No, that was from Chase’s 2000 speech.

“We have had meetings with members of the President’s staff, and with the Secretary of Education, and despite our best efforts there seems to be a continued lack of acceptance of the professionalism and the expertise that this organization brings to the table.”

Oops, that was from Reg Weaver’s 2004 speech.

“The union movement created the middle class, ended child labor, championed public education and gave working men and women a strong voice. Plain and simple, you can’t have a middle class without unions! We need unions.”

No, that was Van Roekel’s 2009 speech.

This year, Van Roekel wanted to send a message to “all of those union-busting, greedy CEOs and their political pals.” The union is “standing strong.” (“Oooooh, like a rock!” wails Bob Seger.)
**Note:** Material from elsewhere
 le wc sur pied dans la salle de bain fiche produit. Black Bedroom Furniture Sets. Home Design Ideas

“Our country is not for sale to the highest political donor or the wealthiest corporations,” he said.

Who would that highest political donor be, anyway?

There were also speeches for all the candidates for NEA higher office. The loudest and most positive crowd reaction was for Earl Wiman, the former president of the Tennessee Education Association who is running for a seat on the NEA Executive Committee.
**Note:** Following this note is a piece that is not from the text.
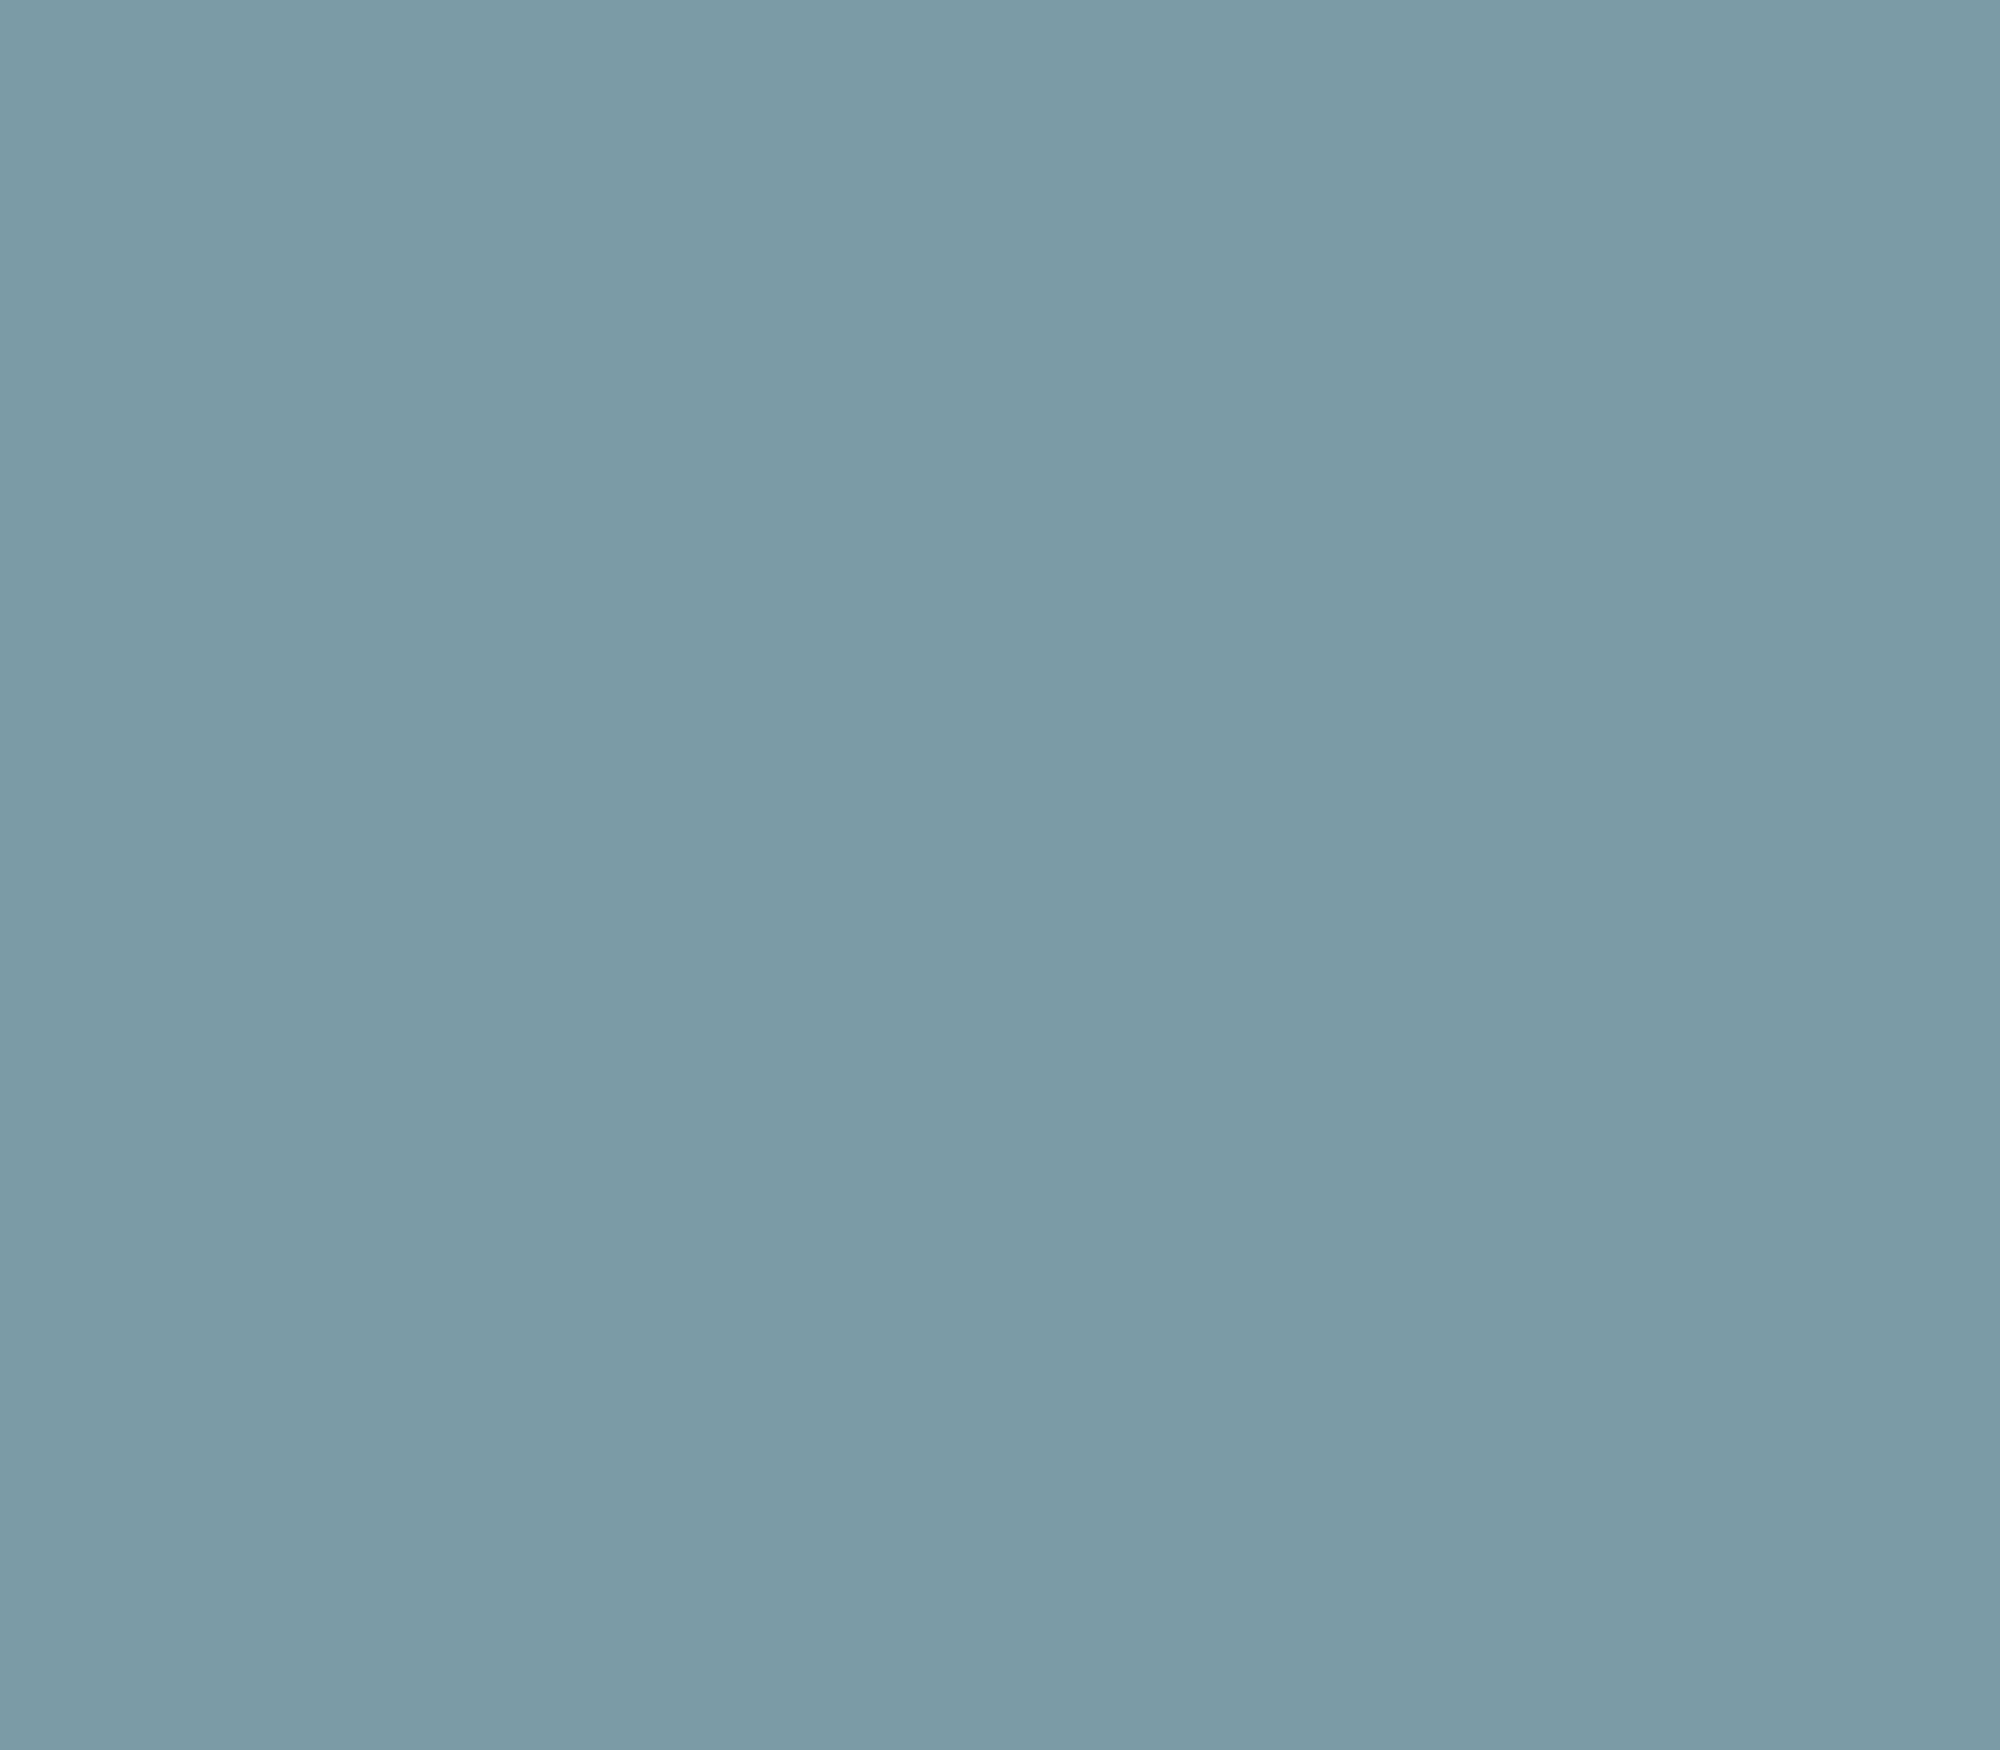 Ericsson logo color.png

Wiman began by comparing Hitler’s rhetoric about labor unions with that of today’s politicians.

Some may accuse Wiman of being excessive, but I criticize him for failing to say what he really meant. There’s no reason to mention Hitler in such a context unless you really believe you’re going to be rounded up and mass-murdered in gas chambers as part of a megalomaniacal plot to engulf the planet in a world war. If that’s what you mean, just say so.

Eventually we will get to new business items (NBIs), including NBI C, or, as I prefer to call it, “The 13 Reasons We Hate Arne Duncan,” or NBI 9, which plans to tear the cover off the Great Soybean Conspiracy. (And it’s about time, I say.)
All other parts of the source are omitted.